Unnamed: 0,Player,Predicted Height (cm),Actual Height (cm),Difference
0,Michael Carter-Williams,193.886667,195.58,1.693333
1,Wayne Ellington,196.003333,193.04,2.963333
2,Enes Kanter,209.126667,208.28,0.846667
3,Wesley Matthews,198.966667,193.04,5.926667
4,Jodie Meeks,193.04,193.04,0.0
5,Greg Monroe,208.703333,210.82,2.116667
6,Markieff Morris,204.47,203.0,1.47
7,Andrew Bogut,207.01,213.36,6.35
8,Donatas Motiejunas,206.163333,213.36,7.196667
9,Eric Moreland,207.01,208.28,1.27


With a final RMSE of 3.88, the KNN model was the second best model according to our training error.
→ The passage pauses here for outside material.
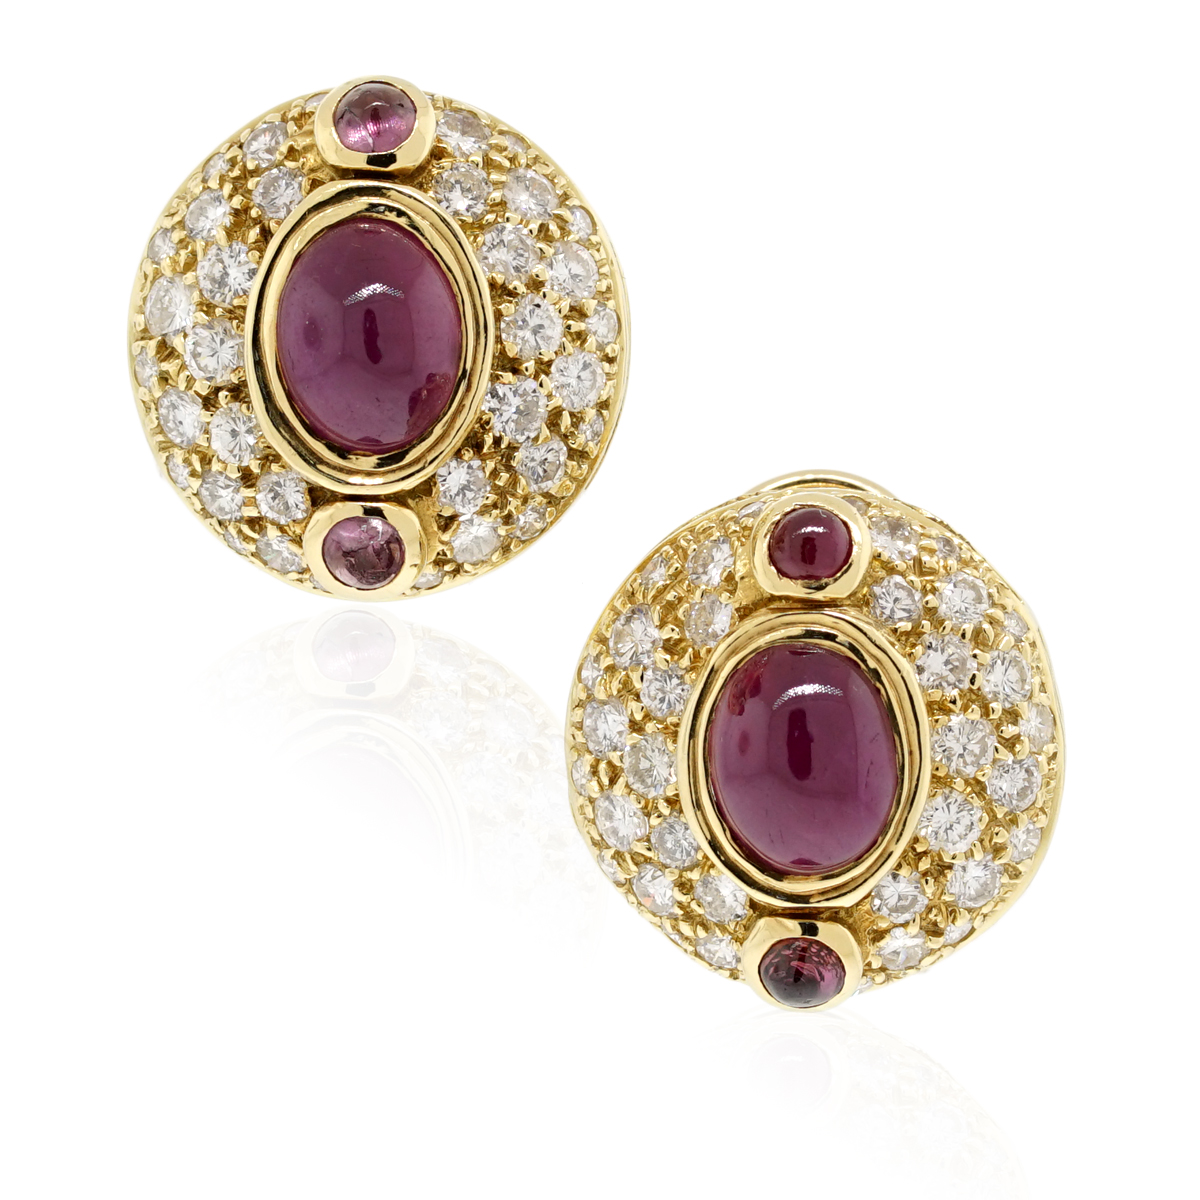 Louis Vuitton 18K Gold Diamond Earrings - Ruby Lane

However, the model predicted 8 out of 11 players' heights within 4.5 centimeters (about 1.7 inches) of error. In fact, it even had a lower mean difference and lower difference sum between the actual and predicted heights for the test data than the Random Forest model. It seems our random forest model overfitted on the training data!

In [0]:
df_results["Difference"].sum(), df_results["Difference"].mean()

(34.06666666666678, 3.096969696969707)

For reference, the range and standard deviation of height values are provided below.

In [0]:
df_avgs["height (cm)"].max() - df_avgs["height (cm)"].min(), df_avgs["height (cm)"].std()

(38.099999999999994, 8.433337781251472)

## Final Results
Our best model (K Nearest Neighbors) predicted 8 out of 11 players' heights within 4.5 centimeters (about 1.7 inches) of error, with a mean difference between actual and predicted of 3.10 centimeters. Considering that the range of player heights was 38.10 centimeters and the standard deviation was 8.43 centimeters, the model is pretty accurate, although a better model could definitely be constructed.

Therefore, we can now make the conclusion that an NBA player's height can indeed be predicted from their season statistics. This suggests that a player's height is a central indicator of their performance in the NBA.